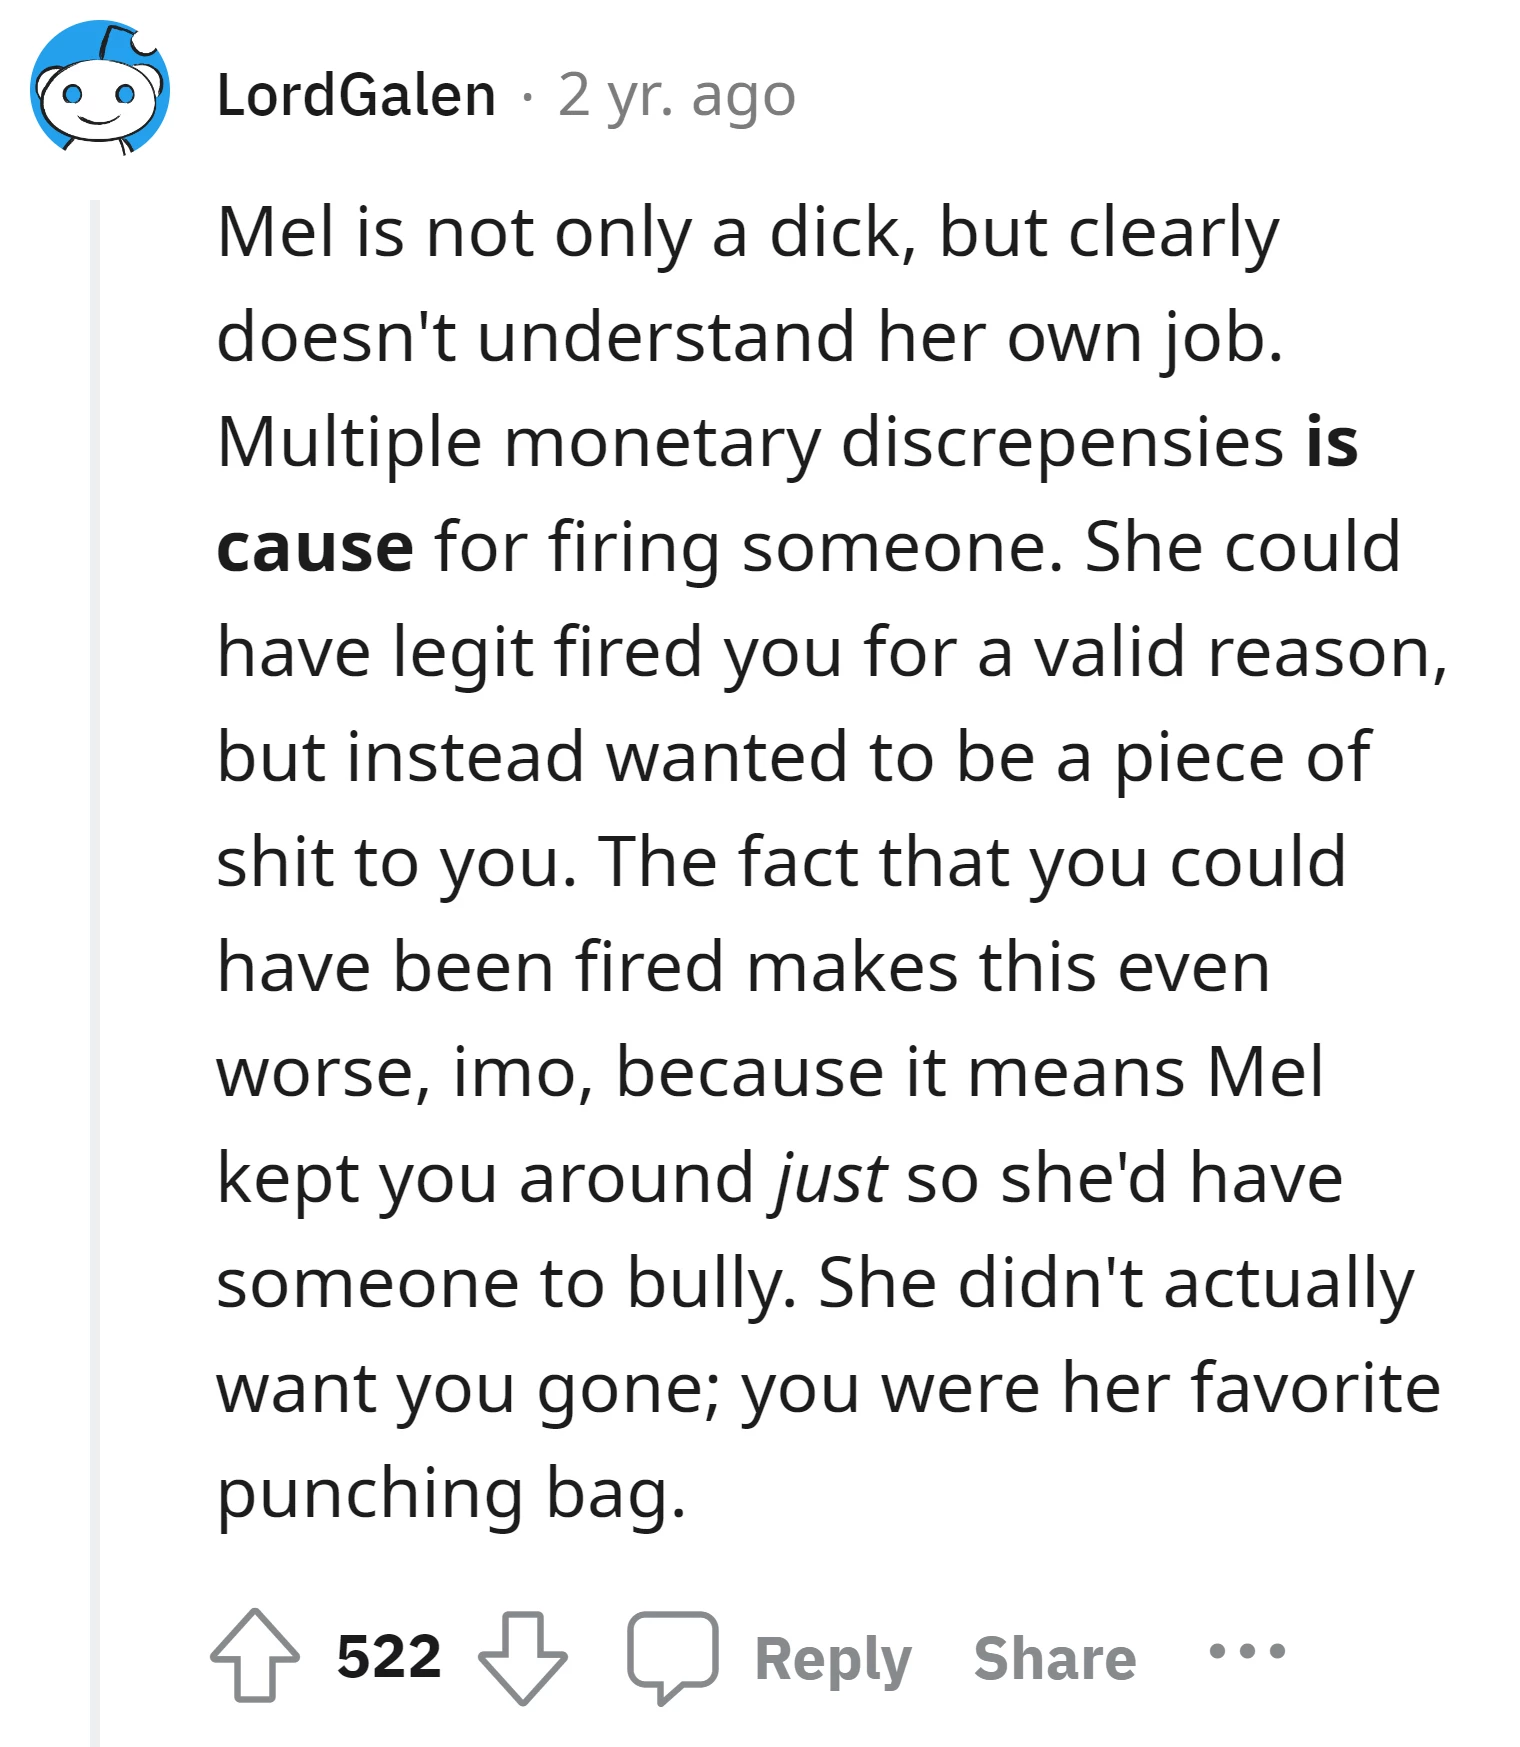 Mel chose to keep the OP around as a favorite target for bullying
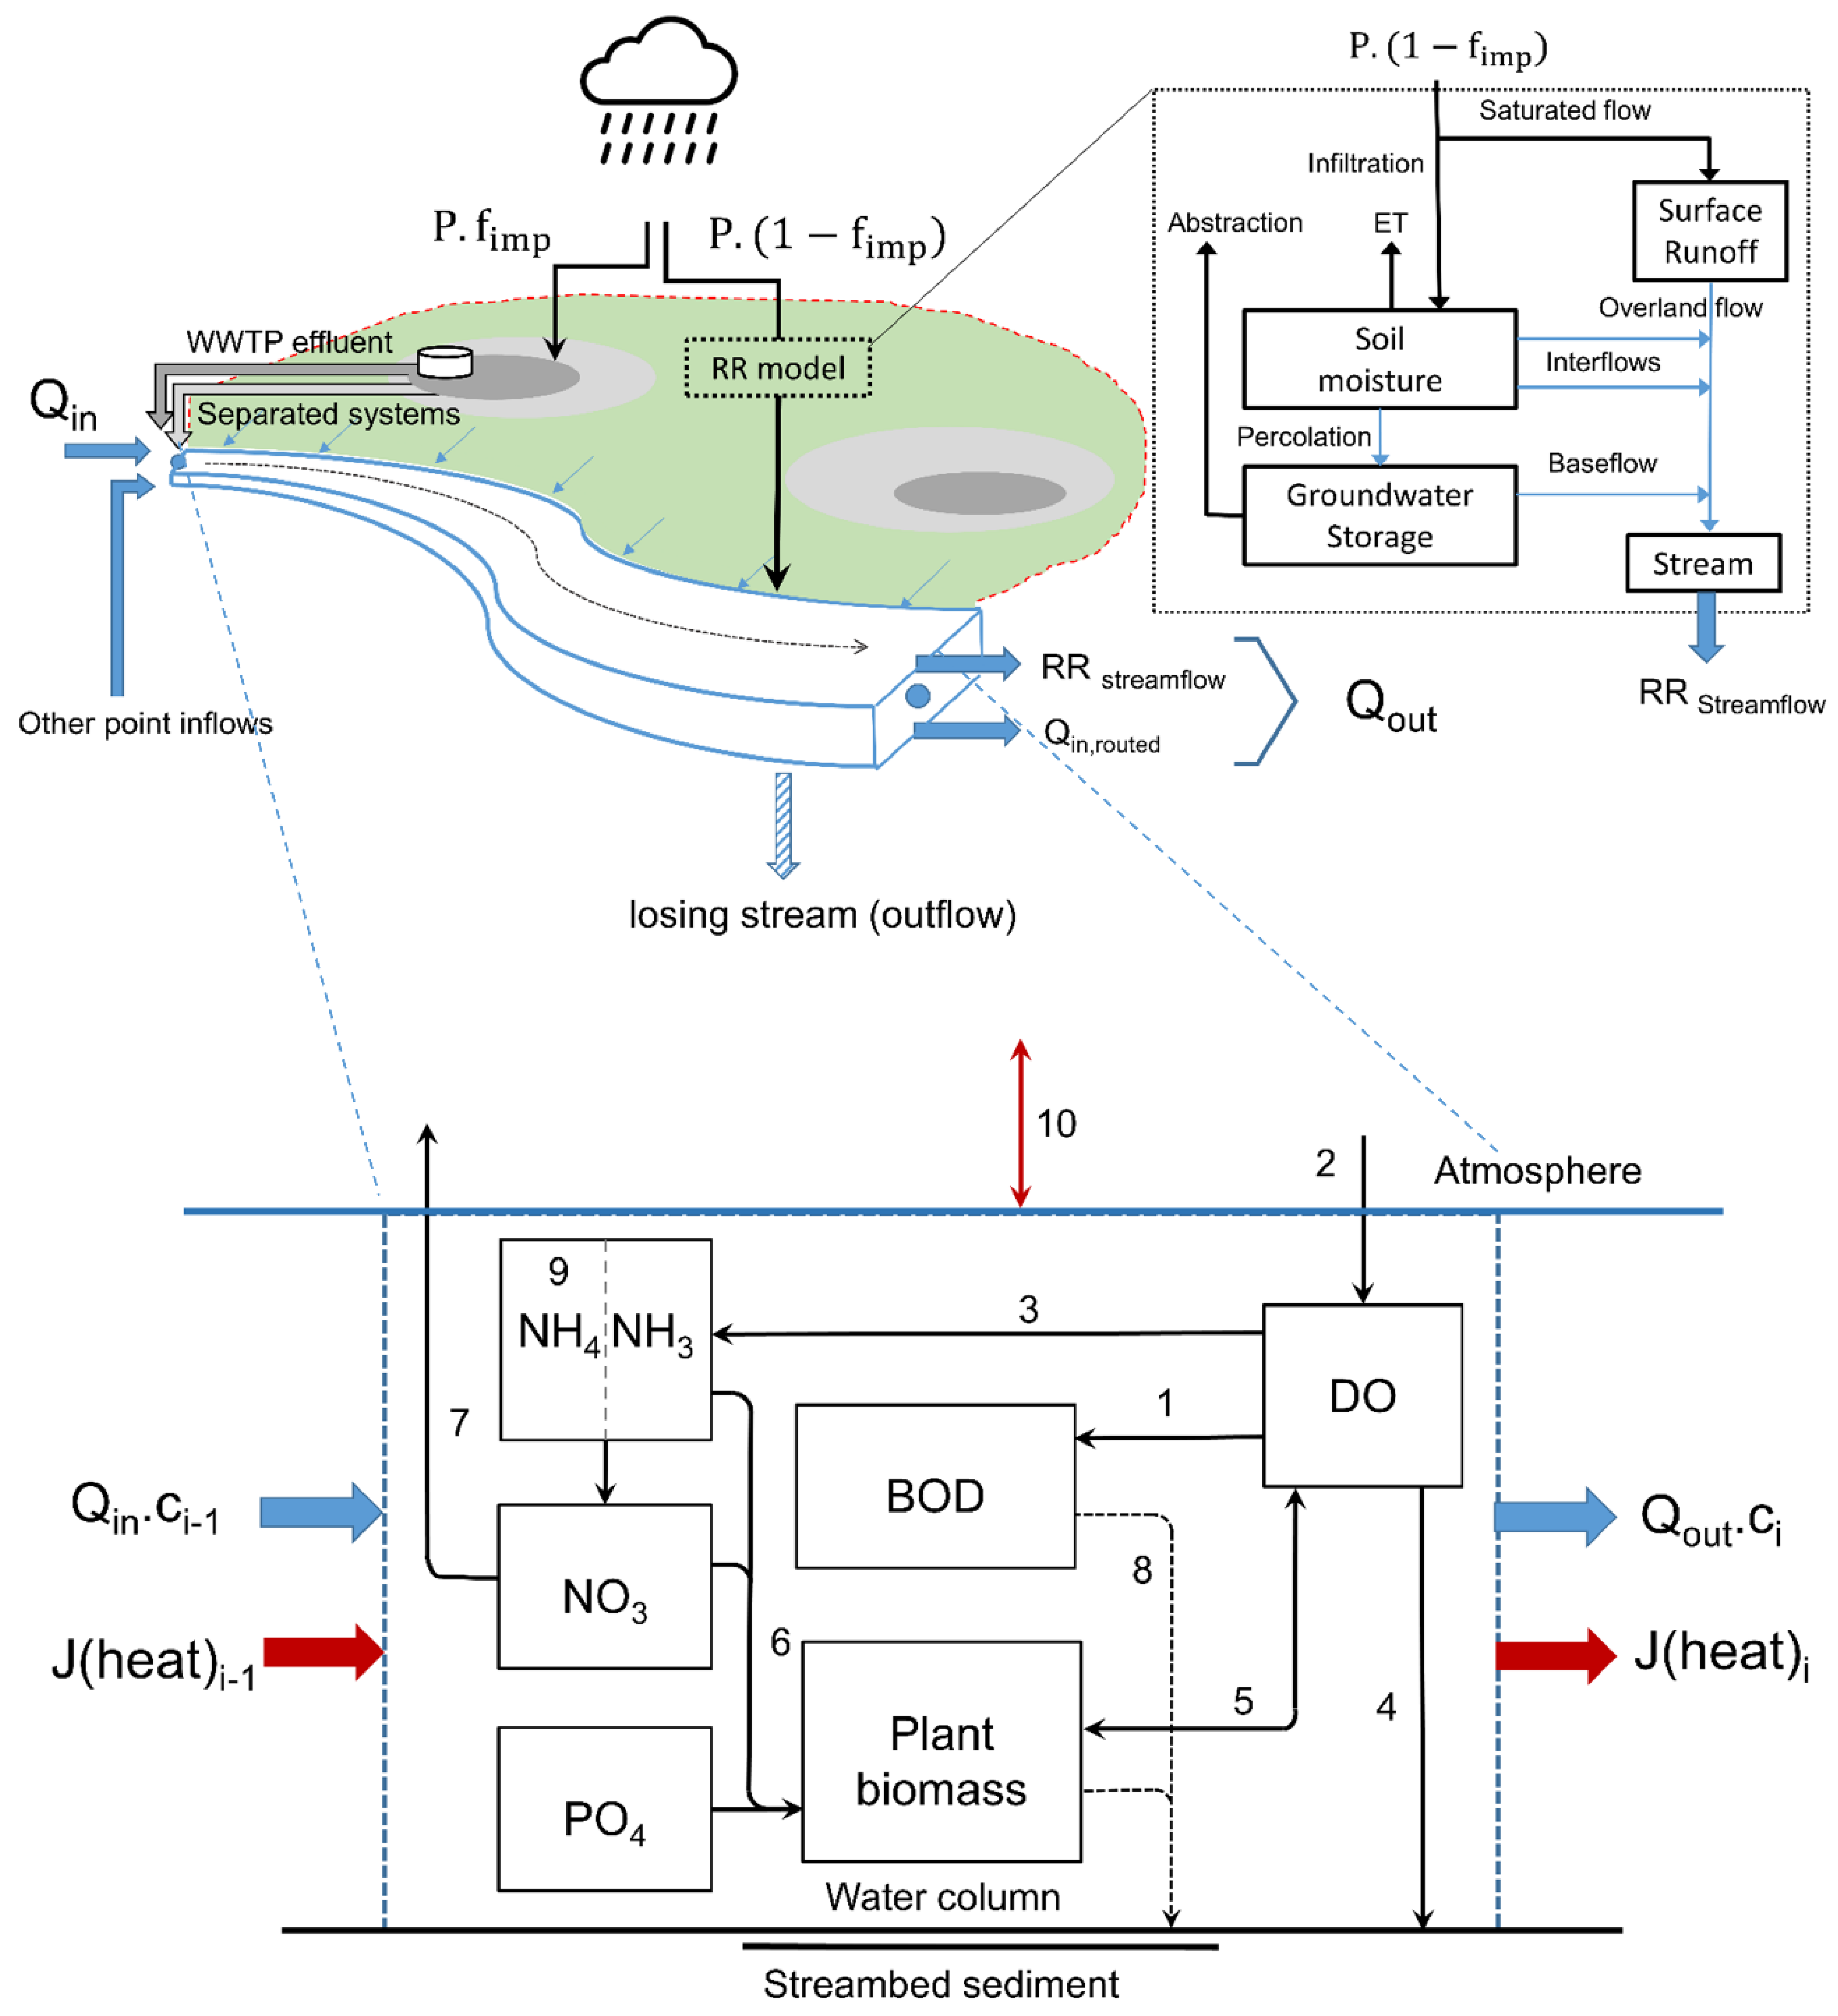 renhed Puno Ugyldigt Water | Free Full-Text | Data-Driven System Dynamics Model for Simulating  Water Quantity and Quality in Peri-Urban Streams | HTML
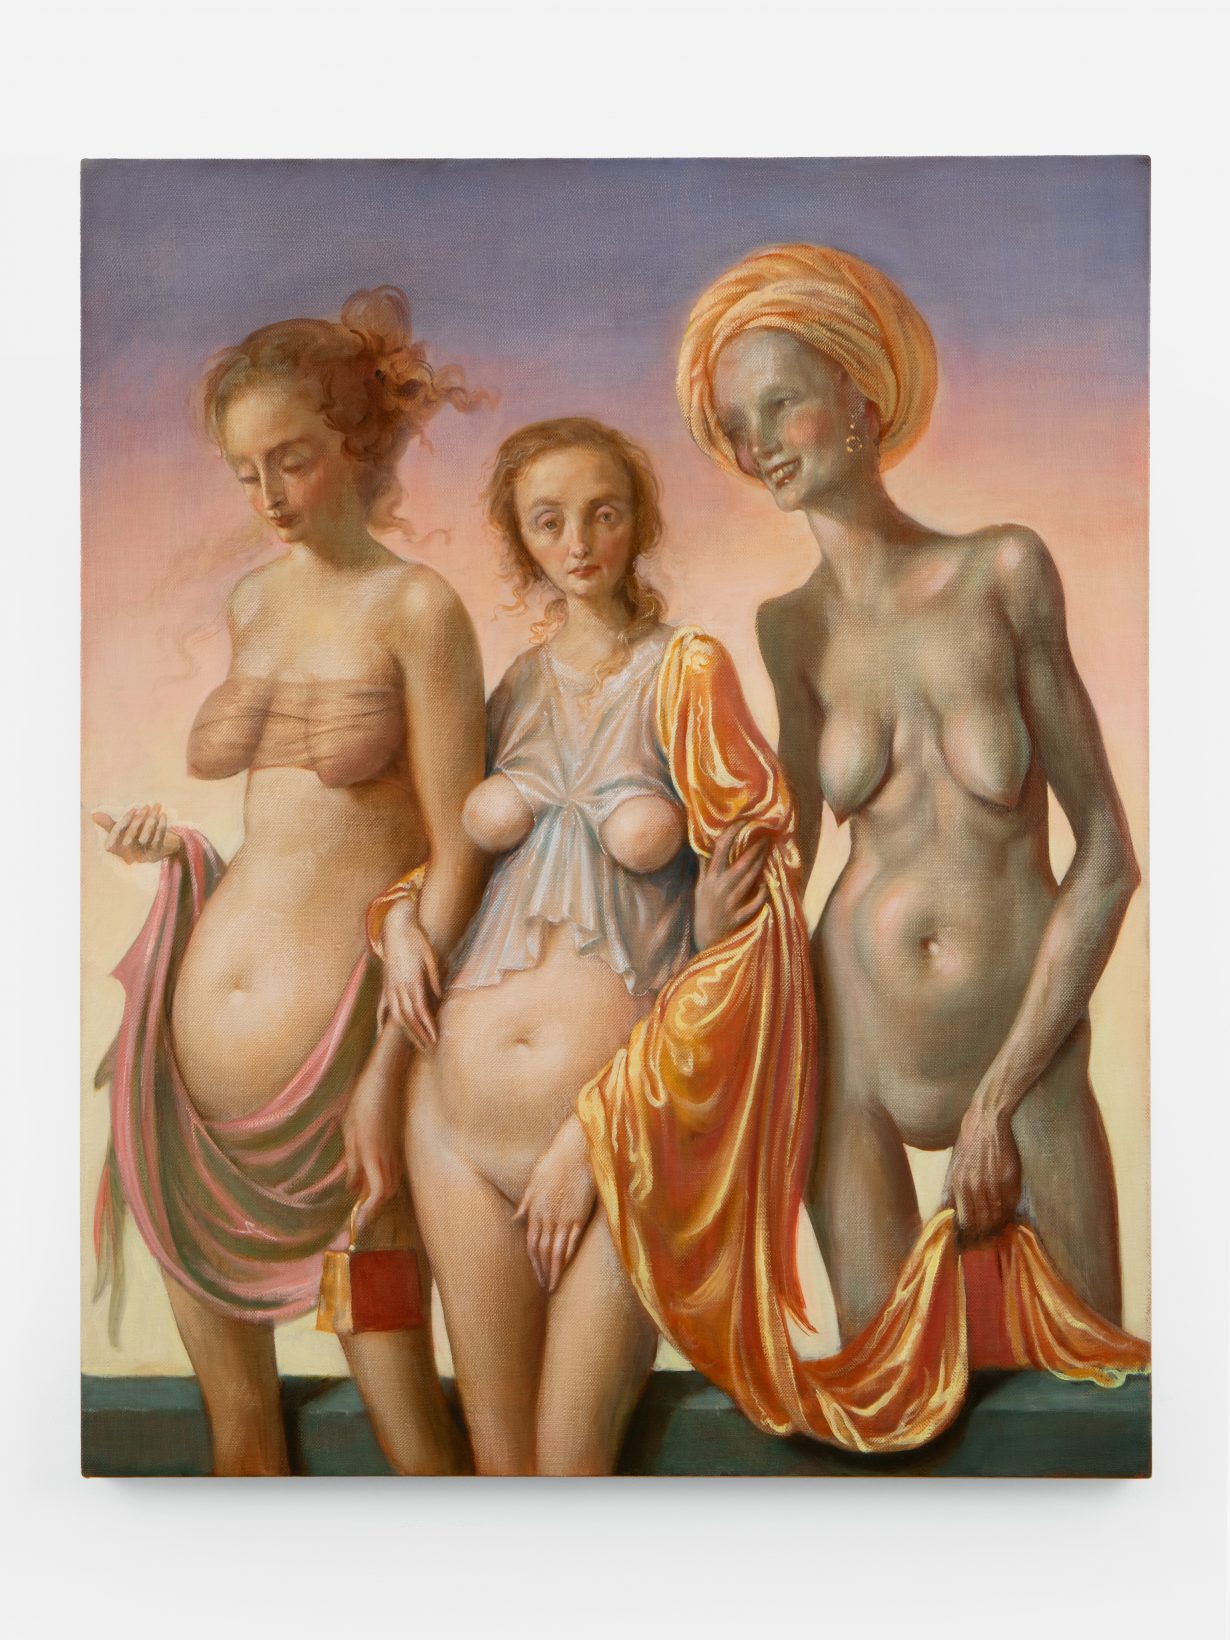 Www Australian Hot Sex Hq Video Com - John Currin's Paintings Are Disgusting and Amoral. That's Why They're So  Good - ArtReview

• Exercise brief: The whole listing should be transcribed exactly, though its pictures must be left out.

• Task result:
 Mel chose to keep the OP around as a favorite target for bullying
 renhed Puno Ugyldigt Water | Free Full-Text | Data-Driven System Dynamics Model for Simulating  Water Quantity and Quality in Peri-Urban Streams | HTML
 Www Australian Hot Sex Hq Video Com - John Currin's Paintings Are Disgusting and Amoral. That's Why They're So  Good - ArtReview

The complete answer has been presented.